Eliminate All Poisons In The Organism In 48 Hours – A Weekend Detoxification Plan



You have been feeling fatigued and out of energy for some time now! Your skin looks and feels dry and those under eye circles can’t be gotten rid of! If all this defines you well, it means that your body has high levels of toxins.

You better get rid of them before they get rid of you!

In this condition, your body is the perfect harbor for flu and viruses. You are in immediate and desperate need of detoxification.

You could cleanse your body any time, build your inner strength and get back your lost energy. This special, natural menu will cleanse your body of all the toxic compounds that have accumulated in your body. And the weekend could be the best time to use it!

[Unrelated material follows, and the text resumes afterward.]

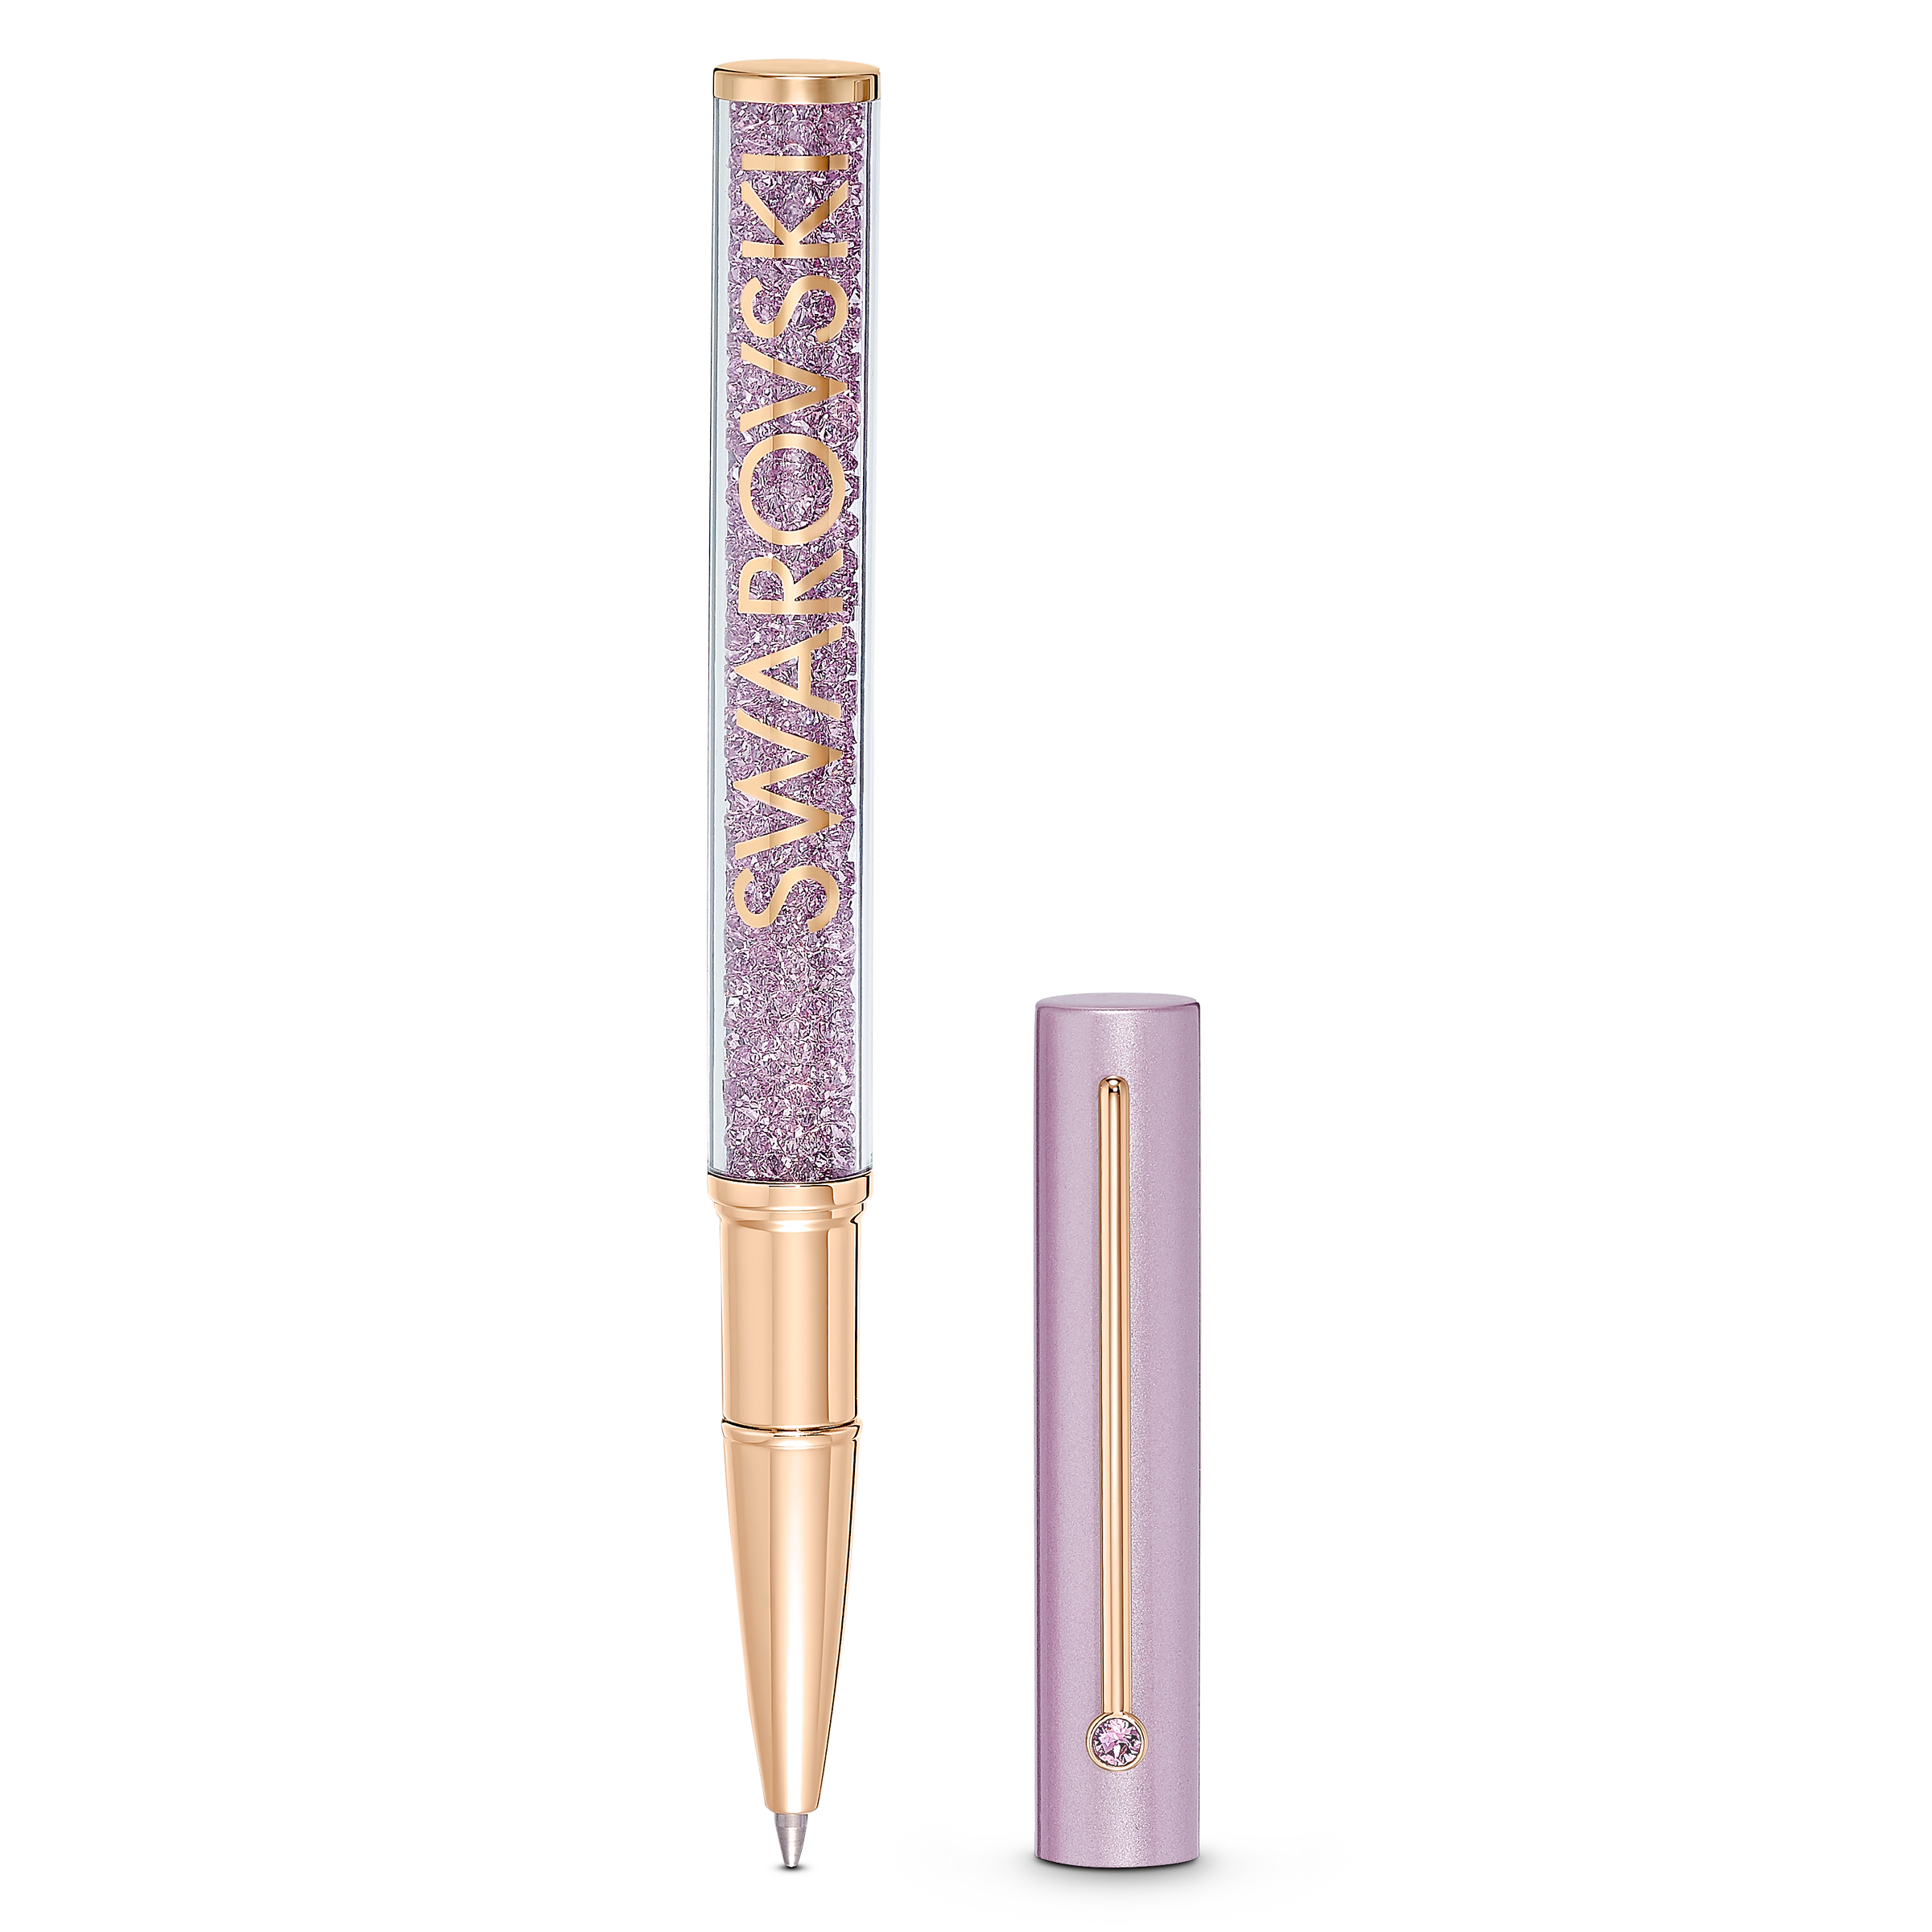 قلم حبر جاف Crystalline Gloss، لون أرجواني، طلاء ذهبي وردي

The purification process will cover your 5 vital organs: your liver, kidneys, lungs, intestines and the lymph.

This detoxification method comes with its preconditions. Make sure to stick to them:

– Switch to low-fat diet

– Avoid potatoes, sweets & meat

– Drink maximum possible fluids

It is recommended to follow this detox method at least two times a year for 10 days. But if you are the busy kind, a weekend detox may be all that is required twice a year.

The ingredients for this detox program are dandelion, birch tea, and nettles. You will also be engaging in regular physical activities every day. This will include workouts, swimming and walking.

The following is your weekend detox program:


Drink 1 cup of warm water in the morning.


Breakfast – Drink 1 cup plain water and green tea, and take 1 cup oat flakes plus 1 spoon linseed. Drink 200 ml diet yogurt or almond milk along with half cup fresh fruits (grained fruits like blueberry).

Lunch – Drink 1 cup plain water, 2 cups salad (tomato, arugula & green), 250 grams of grilled hake (prepared in olive oil/lemon juice), Swiss chard plus potatoes (olive oil), a small banana and a melon slice.

Snack – Take 1 apple, 3/4 cup ordinary yogurt, 1 cup water, and quarter cup pumpkin seeds in snacks.

Dinner – Take a piece of 150-gram tuna grilled in foil/barbecue. Take 2 cups of salad with lemon juice and olive oil, half cup vegetable boiled on steam (spinach/broccoli), some integral pastry, anise tea and 1 cup plain water.


Breakfast – Take 1 cup of oak flakes in breakfast along with 1 spoon linseed. Also take 200 ml of diet yogurt or almond milk with pear and green tea.

Snack – Take some grapefruit for snacks.

Lunch – Take 200 grams of chicken breasts prepared on barbecue plus veg soup (beans, carrot, celery, pepper, onions, potato), 1 cup plain water, and 150 gram pickle.

Dinner – Take beet and carrot salad plus lemon juice, nettle tea, and some integral pastry.